PROBLEM: Would you please return only the lines from the one with "Vizky pre náš" through the last line of the records below, leaving the pictures out?
--- RECORDS PROVIDED ---
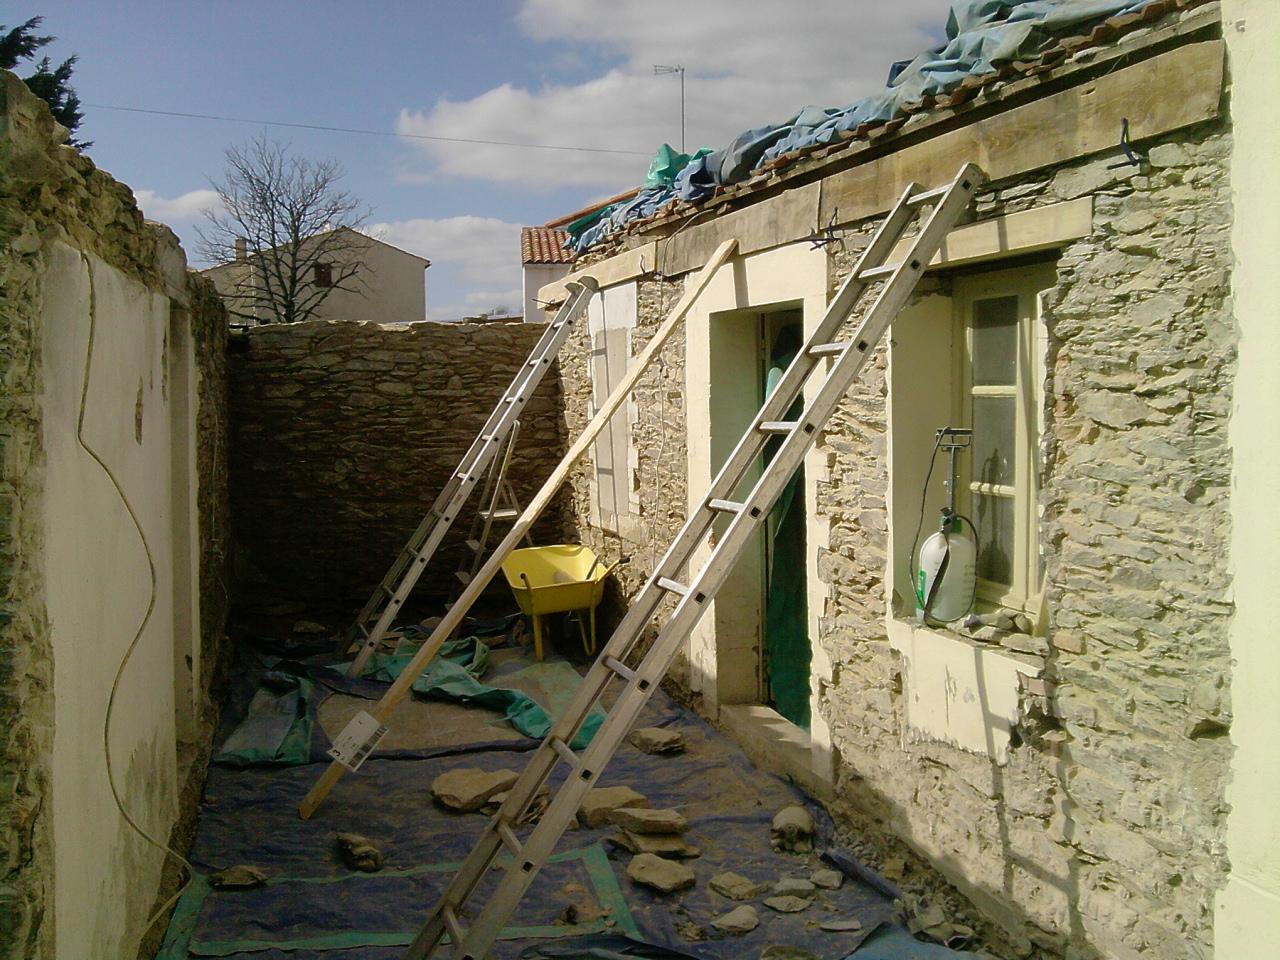 Maison pr vert c 39 est du b ton arm parfois - Maison en beton arme ...
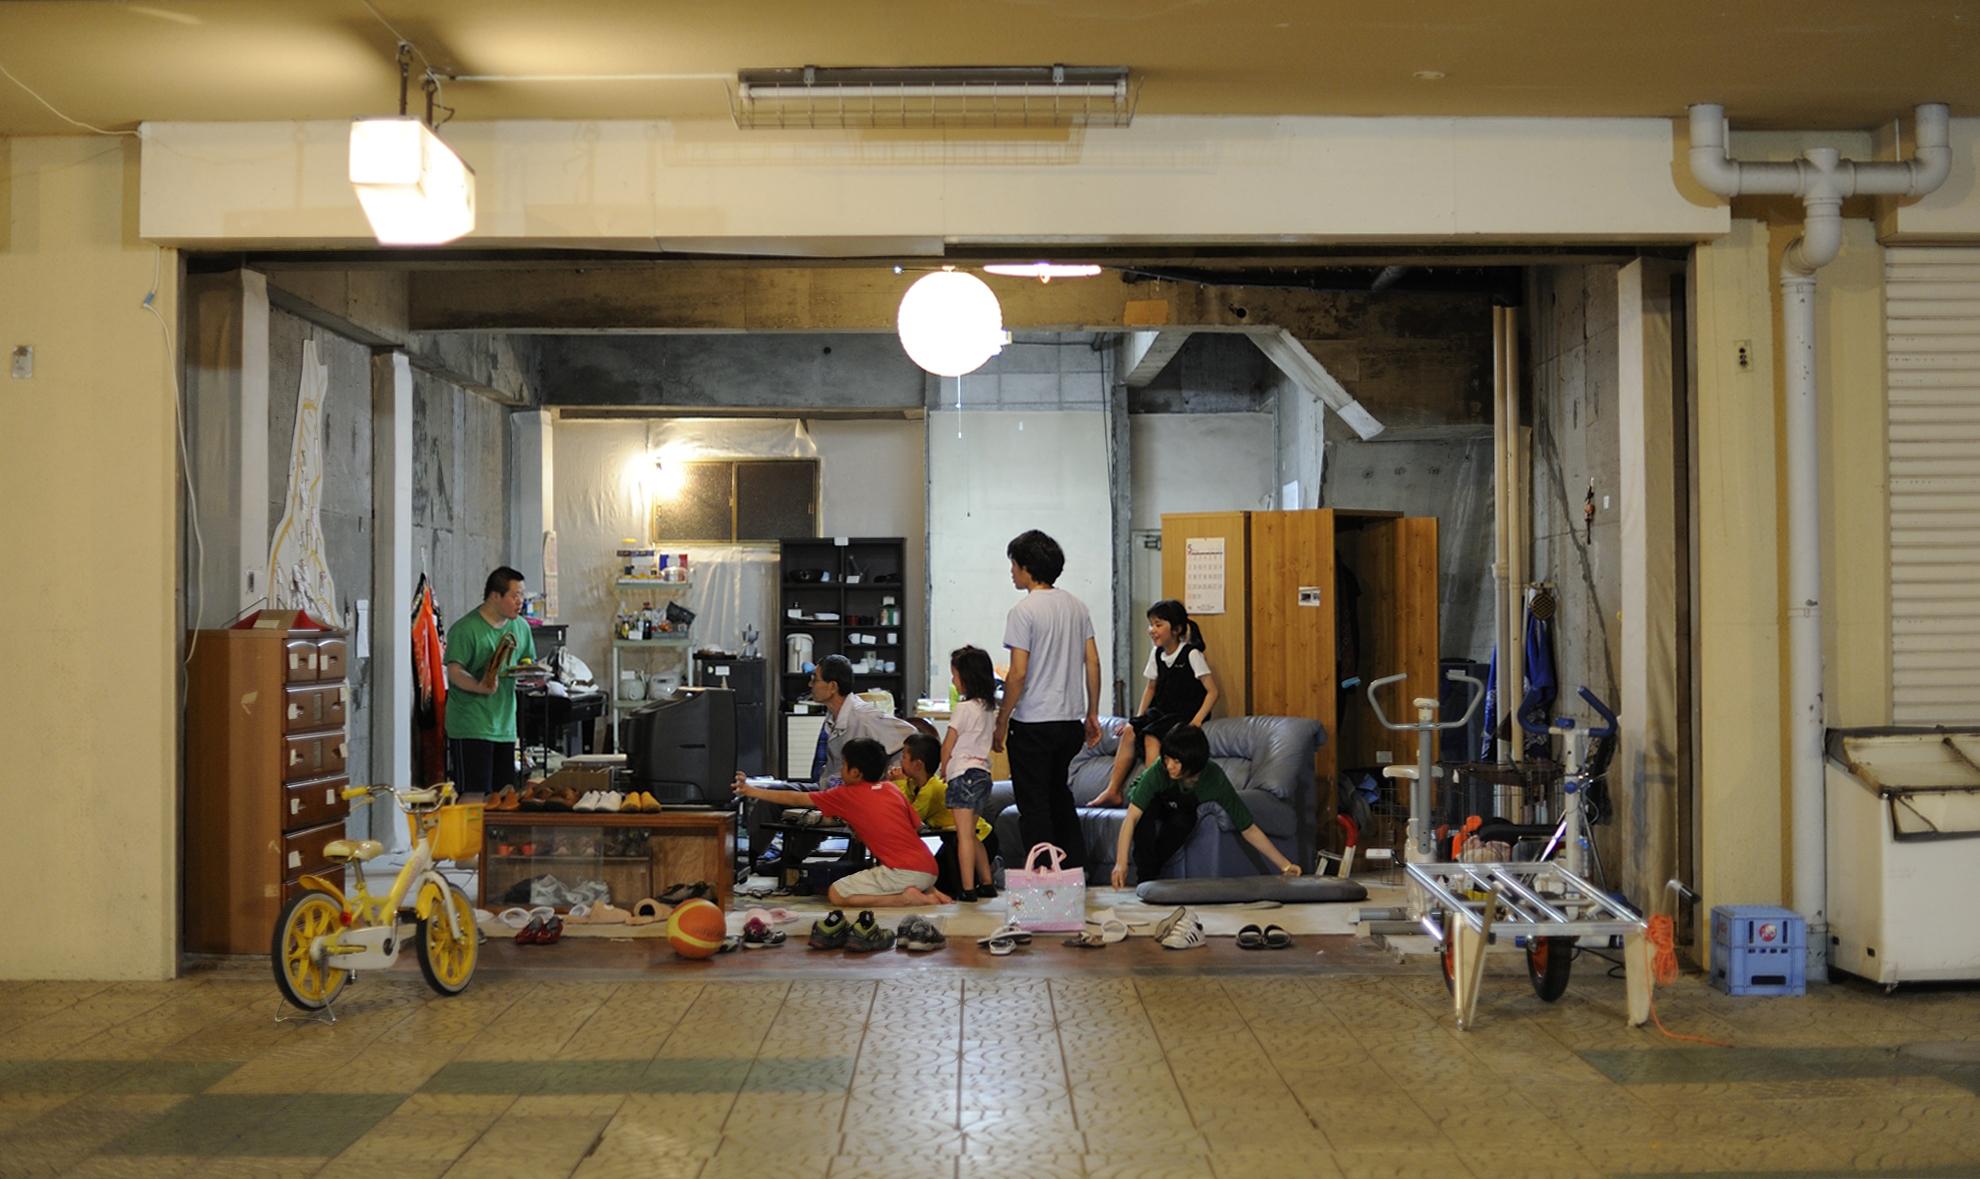 北澤 潤《リビングルーム》photo by Yuji Ito(参考画像)
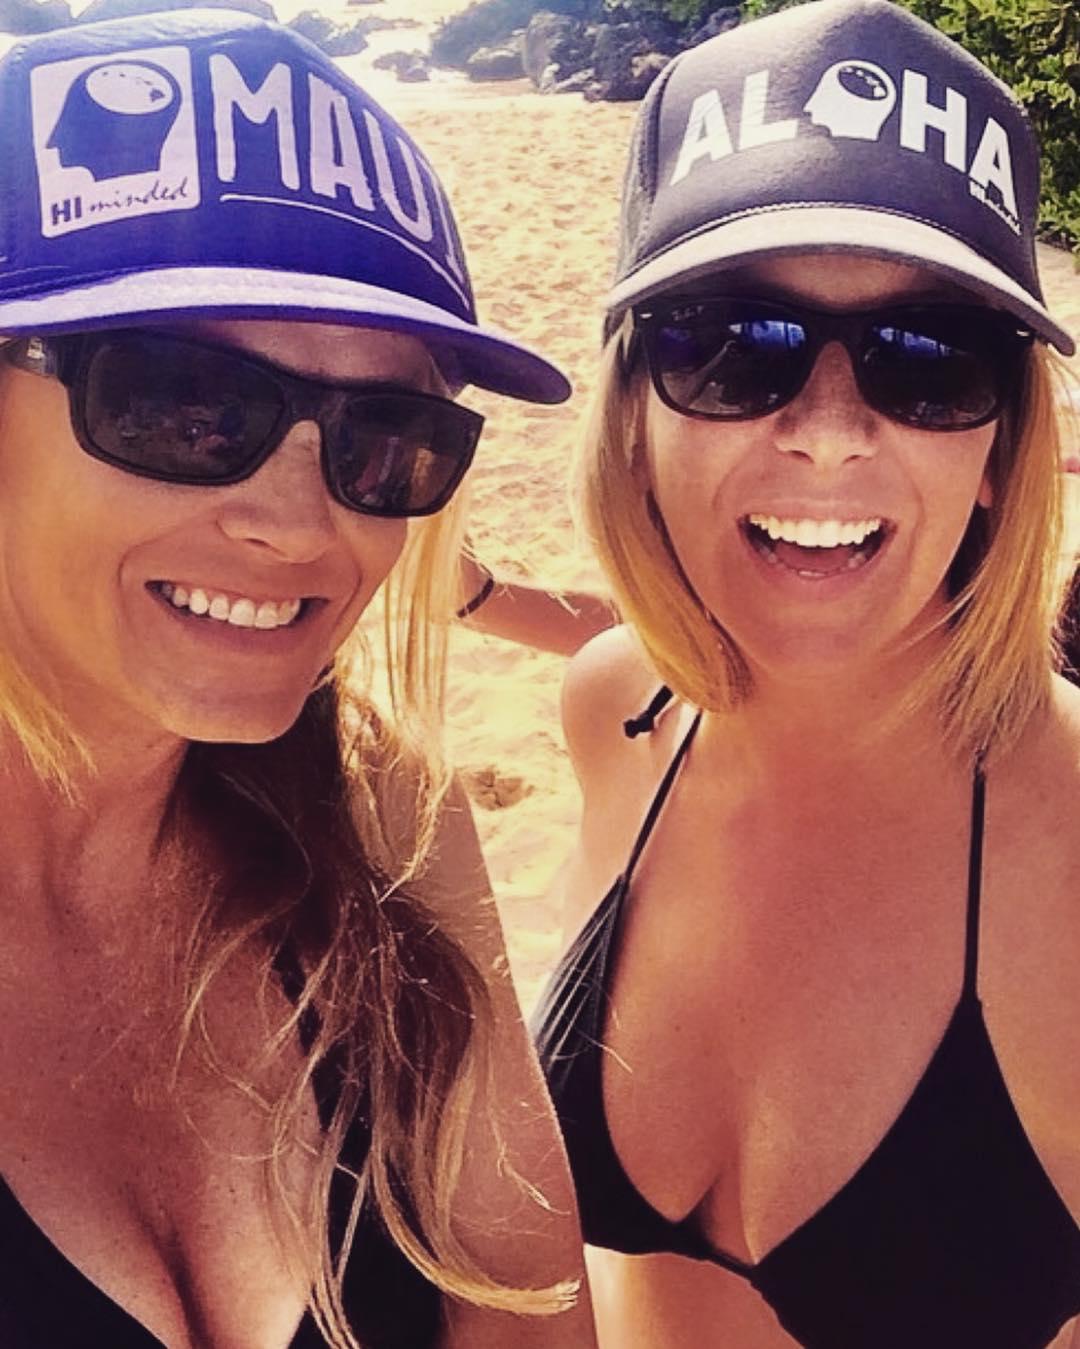 Maui Livin... #himinded #truckerhat #surfcompany #hawaii #maui #surfing #surf #beachbabes #beach #bikini #surfergirl #kauai #oahu #bigisland #aloha
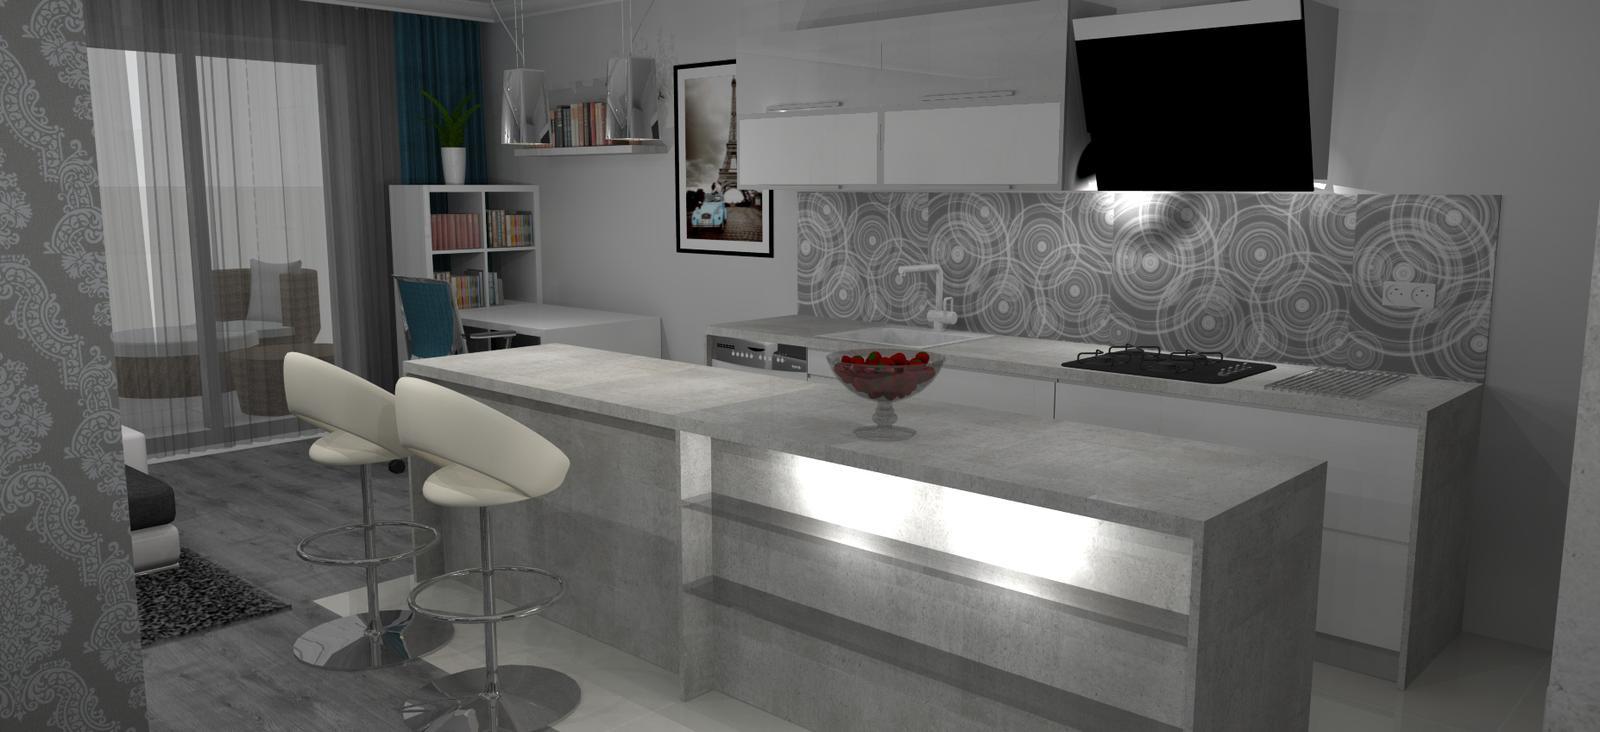 Vizky pre náš ešte nepostavený dom :-) - Druhá verzia rozloženia - kuchyňa s ostrovom
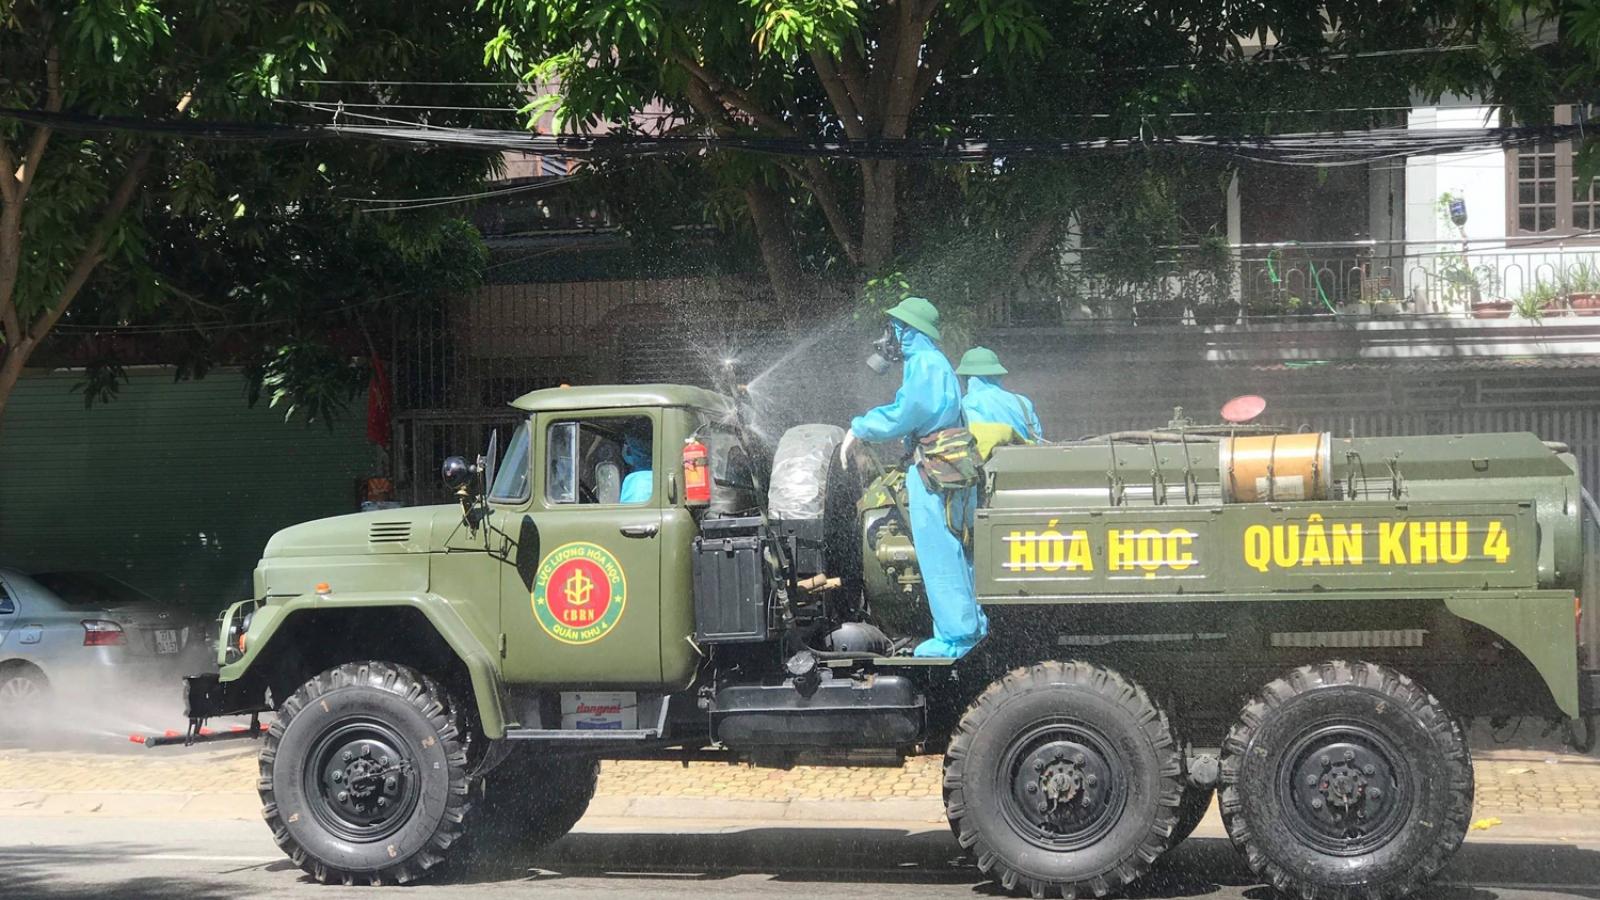 Quân khu 4 điều xe chuyên dụng phung hóa chất khử khuẩn tại TP Vinh
---
ANSWER SECTION:
 Vizky pre náš ešte nepostavený dom :-) - Druhá verzia rozloženia - kuchyňa s ostrovom
 Quân khu 4 điều xe chuyên dụng phung hóa chất khử khuẩn tại TP Vinh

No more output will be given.